STRUCTURAL TRANSFORMATION

 defining characteristics of economic development is the structural transformation


o early stages of economic development, agriculture dominates both GDP and employment
shares in the economy
o shift of sector proportions away from agriculture toward industry and services
o migration of rural to urban
o structural transformation PHASES
1. increase in output per worker (average labor productivity)
 creates surplus in rural economy
2. transfer of surplus from agri to non-agri
 direct taxation
 indirect other govt intervention
3. progressive integration of agri and non-agri
4. agri fully integrated in the macroecon
 decline in the relative size of the agriculture share in income = demand for food grows more
slowly than income
o Engel’s law- proportion of income spent on food declines as income rises
 The concentration of poverty in rural areas that it is implied by the gap between rural employment
shares and agriculture’s share in GDP also implies that average labor productivity tends to be
higher in nonagricultural sectors.
 Growth in agricultural productivity plays a critical role in facilitating the release of labor and capital
from agriculture for employment in industry and services.

TWO SECTOR MODELS


 Dual-sector growth models provide a stylized depiction of the interactions between the
agricultural and nonagricultural sectors of the economy, specifying the conditions under which
labor and capital migrate from agriculture to nonagriculture. The dominant dual-sector model,
developed by Lewis and elaborated by Fei and Ranis, assumes that the defining characteristic
differentiating agriculture from nonagriculture is the existence of surplus labor with low or zero
marginal product.


 At point g: MPL =0
 The Lewis and Fei-Ranis models were widely misinterpreted by policy makers in developing
countries as a justification for ignoring agriculture’s potential contributions to growth and
concentrating investment on industrial development.
 Subsequent research demonstrated a more nuanced role for agriculture in economic growth by
considering intersectoral linkages. Building on the Lewis linkages, through which agriculture
supplies labor and capital to nonagriculture
o Johnston and Mellor compiled a broader list of linkages,
1. agriculture’s role in supplying food for non-agricultural laborers
2. agriculture’s importance in earning the foreign exchange necessary to finance
industrialization
3. agriculture’s role as a source of demand for the output of the nonagriculture
sector
 Intersectoral linkages also include the benefits to investment from agricultural price
stabilization and agriculture’s contribution to growth by supporting improved nutrition (and
health) of the labor force. Agriculture provides a potent vehicle for addressing poverty, much of
which is concentrated in the rural population.

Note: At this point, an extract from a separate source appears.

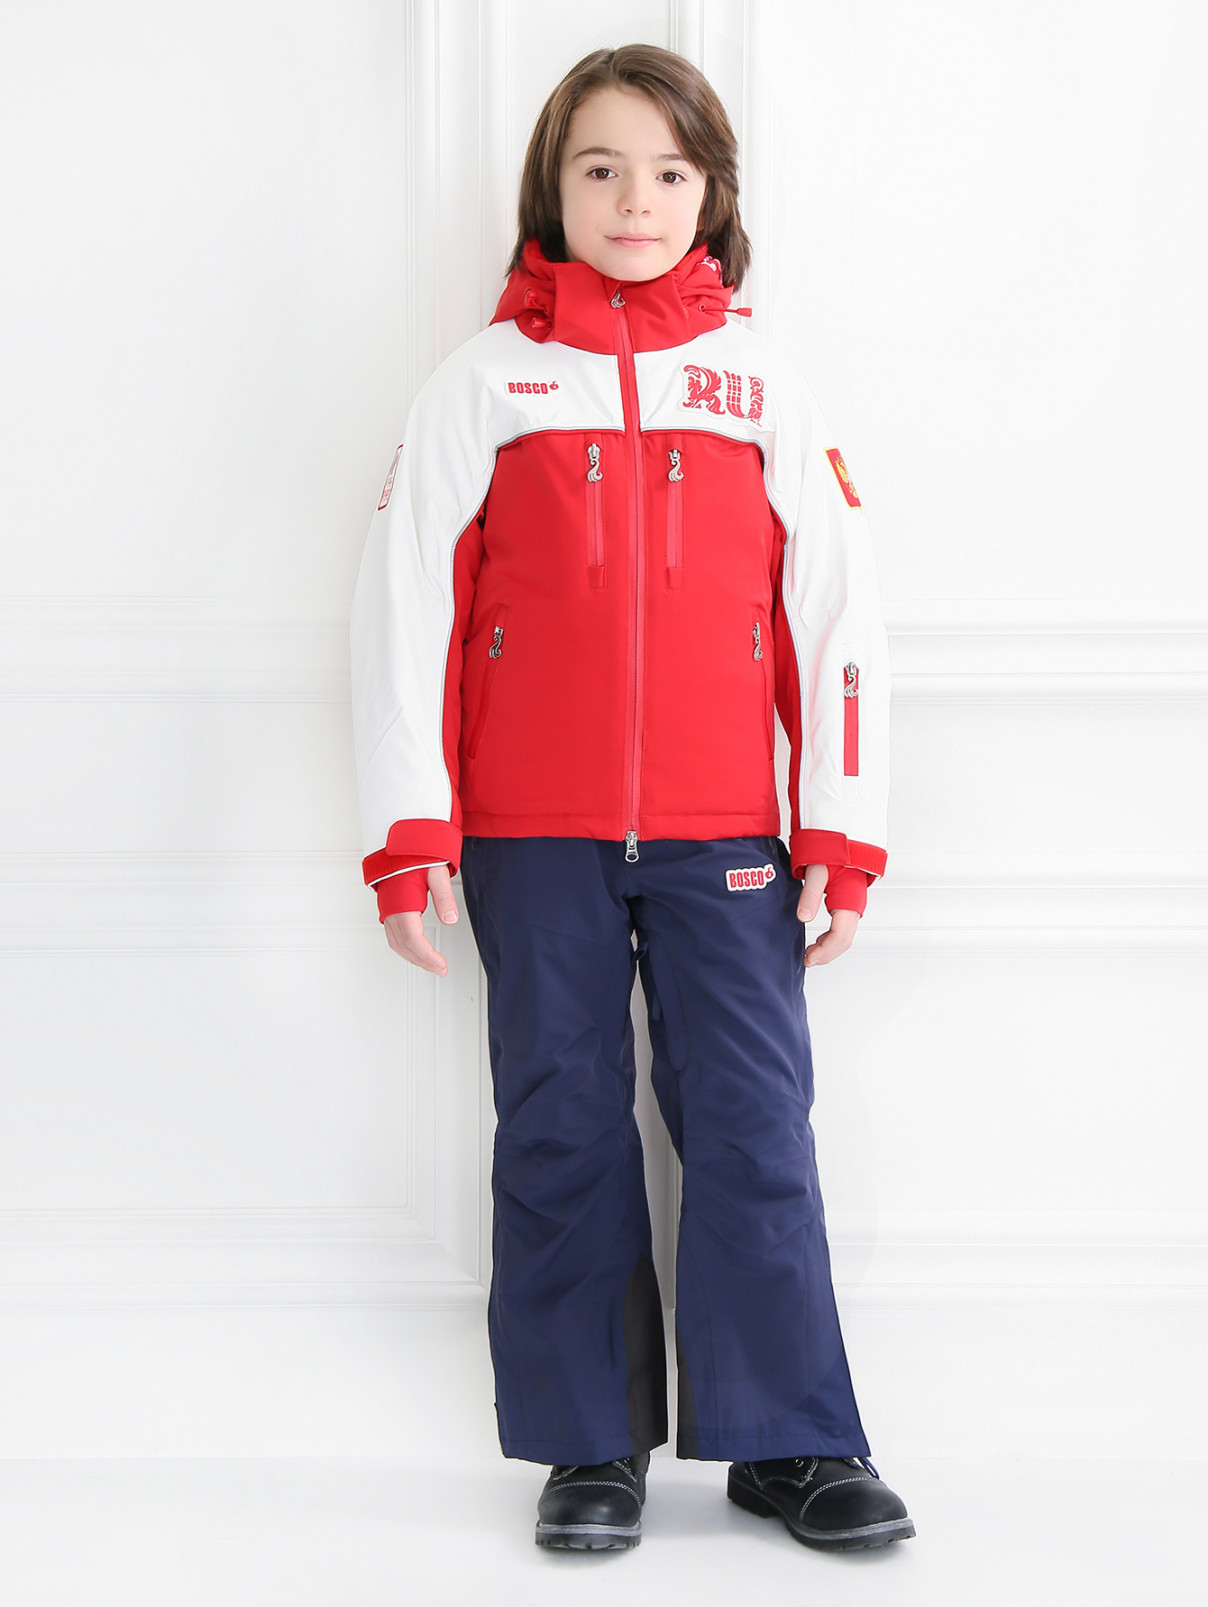 Куртка горнолыжная с контрастными вставками BOSCO  –  Модель Общий вид  – Цвет:  Красный

These contributions are direct and indirect and
include both those employed in agriculture and net food consumers for whom agricultural growth
reduces the price of food, often the major share of the household expenditures.
 On average, a 1 percent increase in aggregate GDP originating in agriculture has about three
times the effect in reducing national poverty as a 1 percent increase in aggregate GDP
originating in nonagriculture.
• Three mutually reinforcing avenues, through which agriculture can
provide a pathway out of poverty, are
increased on-farm output
increased engagement in rural labor markets and nonfarm rural employment
and
migration to cities.
• Although many middle-income countries have grown out of their
dependence on agriculture, it is clear that agriculture still has a central role
to play in the development of some of today’s most challenging regions,
large parts of sub-Saharan Africa in particular.